How can I construct a function $h(x)$, which meets the following requirements:

• The x-intercepts are at 1 and 3

• The vertical asymptotes are at 2 and 5

• The function has a horizontal asymptote $y=4$?

Answer 1

In order to construct $h(x)$ with $x$-intercepts at $1$ and $3$, you want $h(1)=0$ and $h(3)=0$ to be true.
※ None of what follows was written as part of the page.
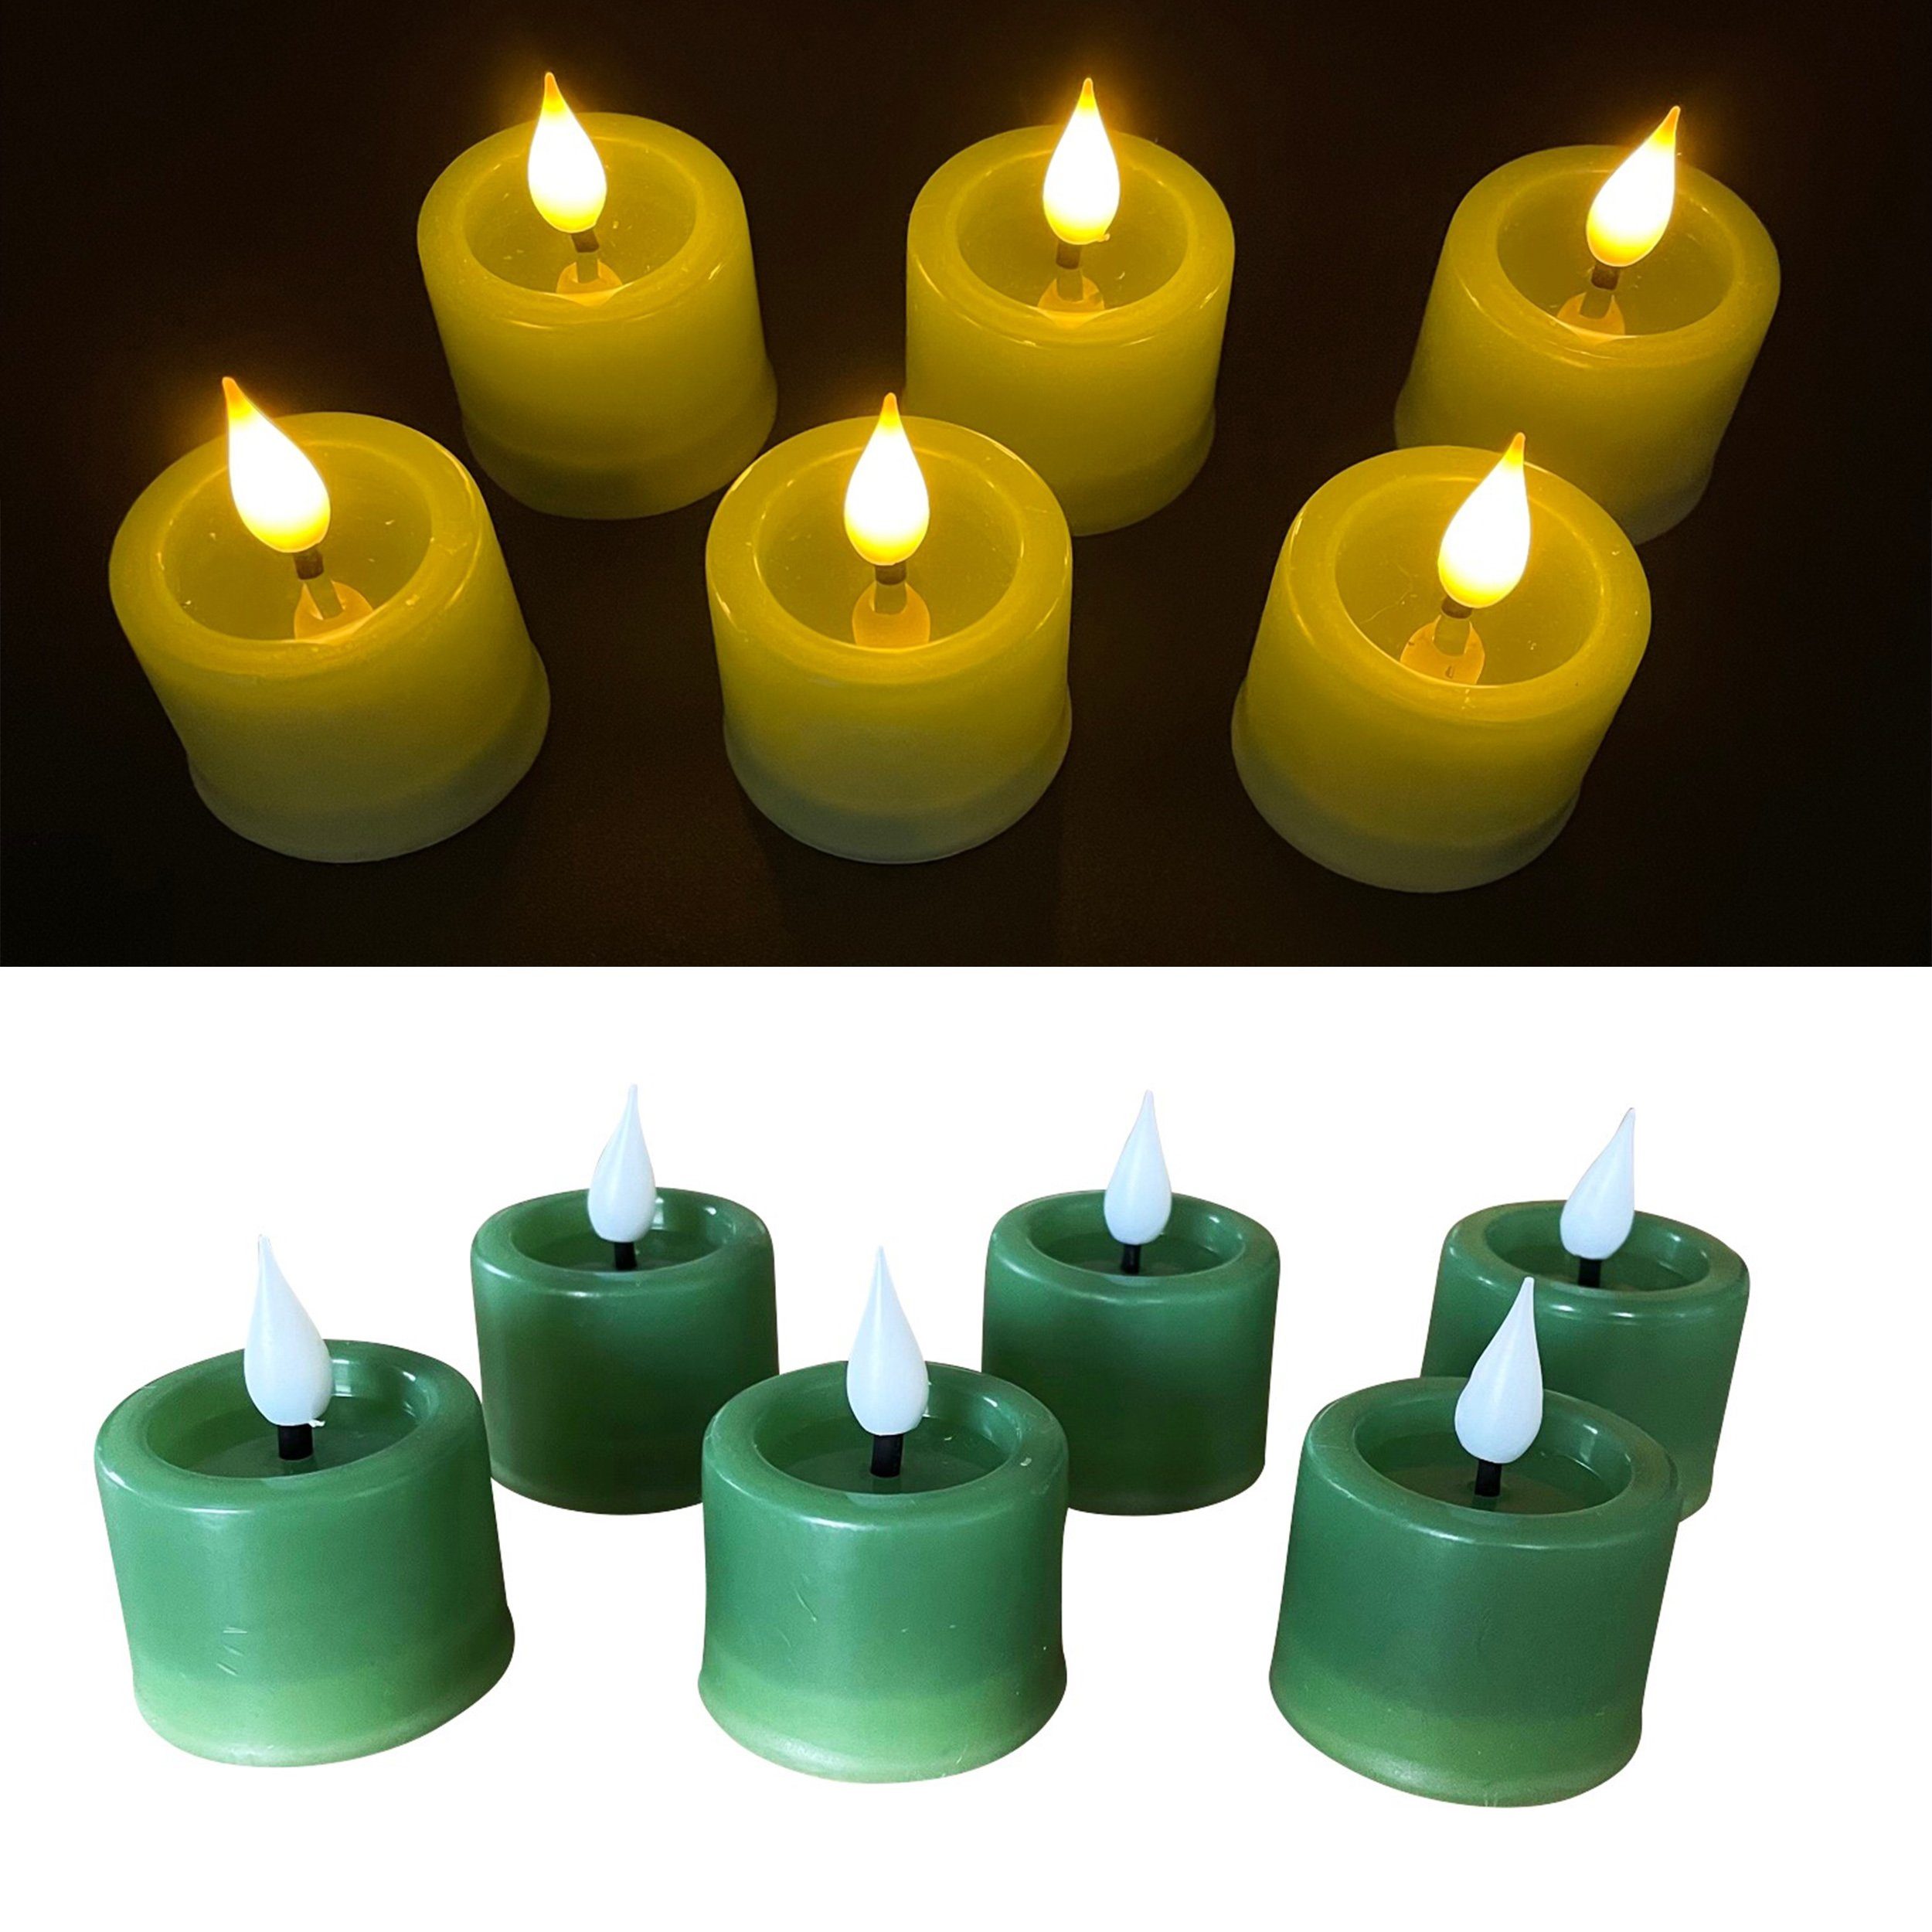 Online-Fuchs LED-Kerze als 6er Set Teelichter mit Flamme, GRÜN 191 (mit Echtwachs überzogen, spiegelnde Flamme), Maße: 4 x 3 cm, Fernbedienung, 6-Stunden-Timer

So set the numerator of $h(x)$ equal to $$f(x)=(x-3)(x-1)$$

To give $h(x)$ vertical asymptotes at $2$ and $5$, this would mean $$h(2)=\dfrac{1}{0}$$ and $$h(5)=\dfrac{1}{0}$$ (Note that $\dfrac{1}{0}$ is not actually a real value). So to make this true, we set the denominator equal to $$g(x)=\dfrac{1}{(x-2)(x-5)}$$ To give $h(x)$ a horizontal asymptote at $4$, just multiply $h(x)$ by $4$. Now our function is $$h(x)=\dfrac{4f(x)}{g(x)}=\dfrac{4(x-3)(x-1)}{(x-2)(x-5)}$$ and if you feel the need, you can expand this to get $$h(x)=\dfrac{4(x^{2}-4x+3)}{x^{2}-7x+10}$$

Answer 2

What about $f(x)=\frac{(x-1)(x-3)}{(x-2)(x-5)^2}+4$ ?.